Determining the local abundance of Martian methane and its’ 13C/ 12C and D/H isotopic ratios for comparison with related gas and soil analysis on the 2011 Mars Science Laboratory (MSL) mission

Abstract

Understanding the origin of Martian methane will require numerous complementary measurements from both in situ and remote sensing investigations and laboratory work to correlate planetary surface geophysics with atmospheric dynamics and chemistry. Three instruments (Quadrupole Mass Spectrometer (QMS), Gas Chromatograph (GC) and Tunable Laser Spectrometer (TLS)) with sophisticated sample handling and processing capability make up the Sample Analysis at Mars (SAM) analytical chemistry suite on NASA’s 2011 Mars Science Laboratory (MSL) Mission.

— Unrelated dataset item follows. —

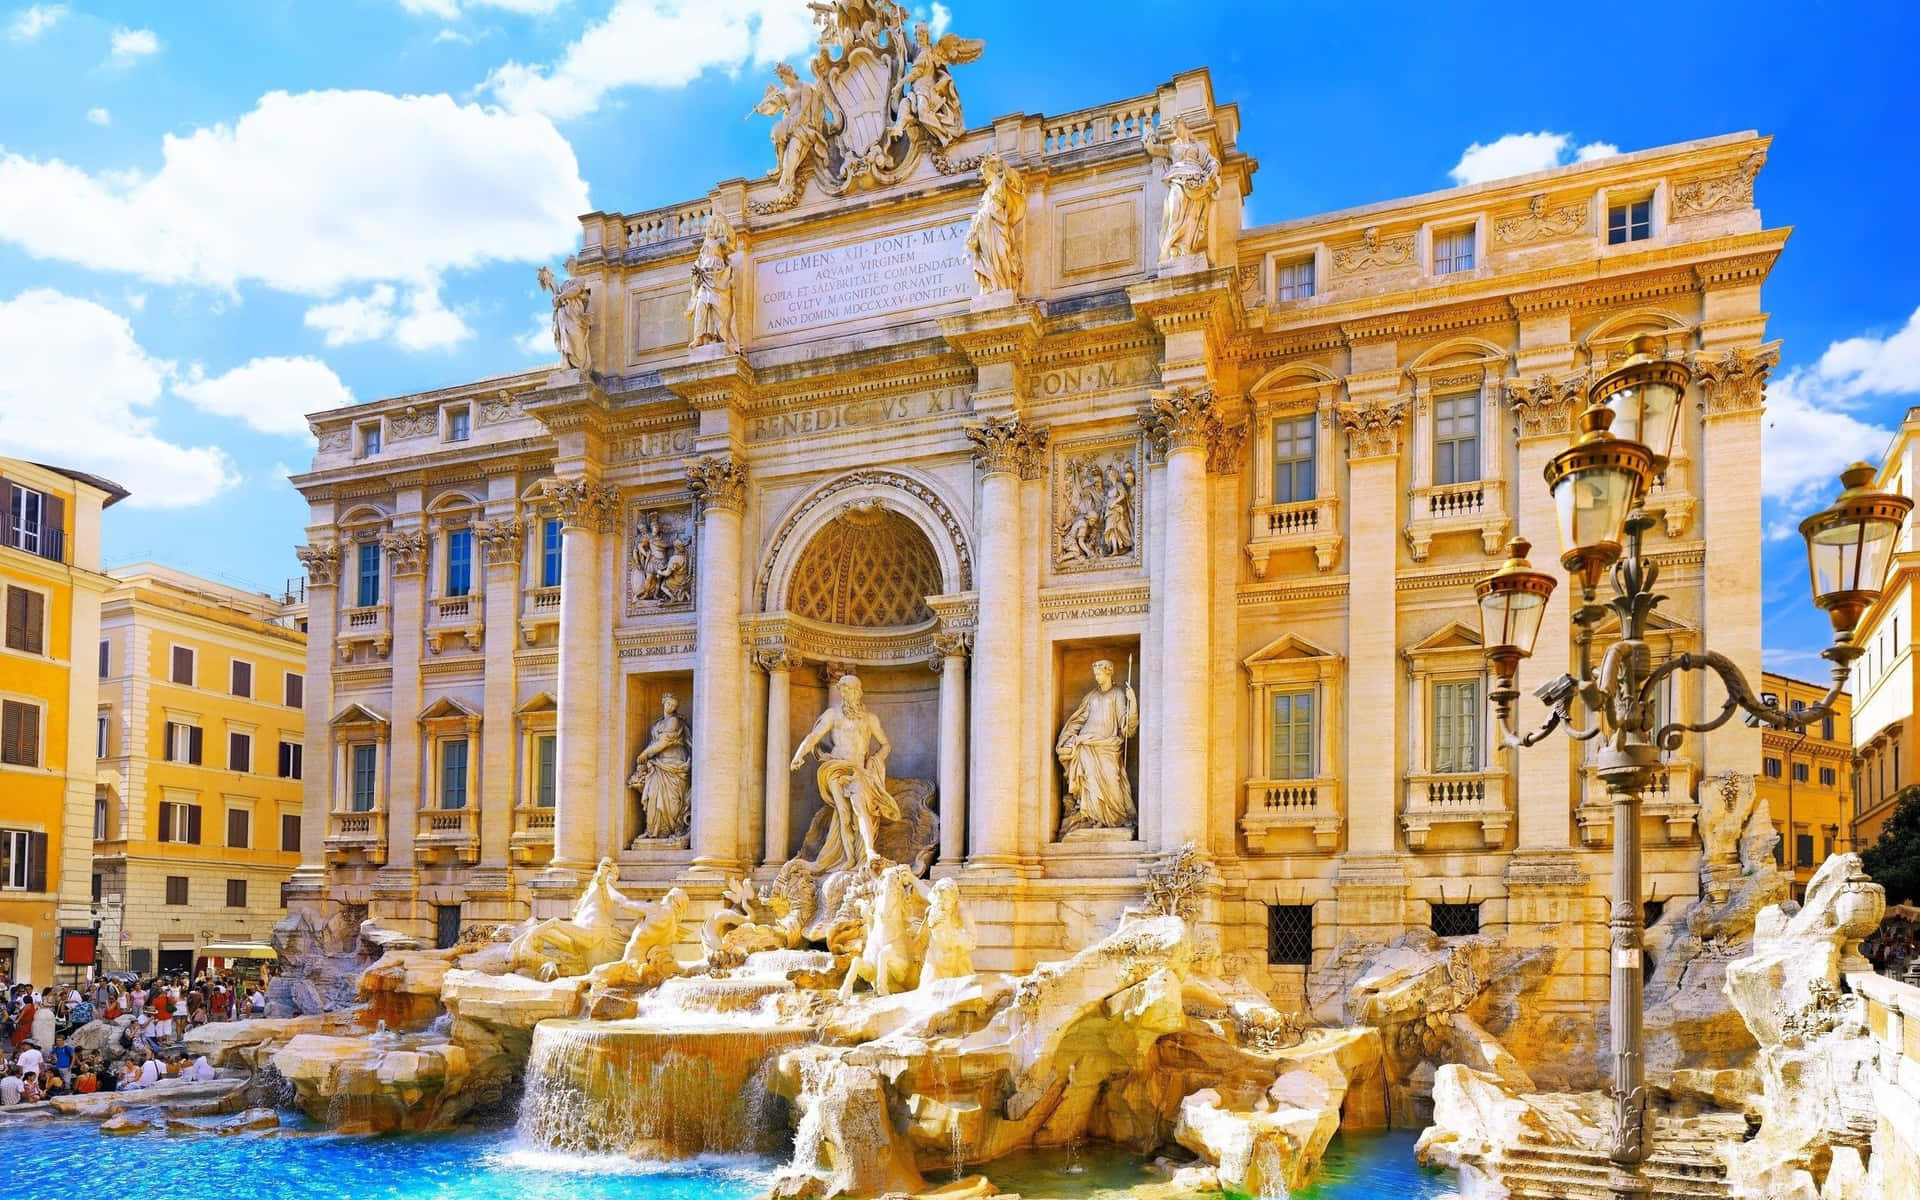 Discover the beauty of the eternal city of Rome

Leveraging off the SAM sample and gas processing capability that includes methane enrichment, TLS has unprecedented sensitivity for measuring absolute methane (parts-per-trillion), water, and carbon dioxide abundances in both the Martian atmosphere and evolved from heated soil samples. In concert with a wide variety of associated trace gases (e.g. SO 2, H 2S, NH 3, higher hydrocarbons, organics, etc.) and other isotope ratios measured by SAM, TLS will focus on determining the absolute abundances of methane, water and carbon dioxide, and their isotope ratios: 13C/ 12C and D/H in methane; 13C/ 12C and 18O/ 17O/ 16O in carbon dioxide; and 18O/ 17O/ 16O and D/H in water. Measurements near the MSL landing site will be correlated with satellite (Mars Express, Mars 2016) and ground-based observations.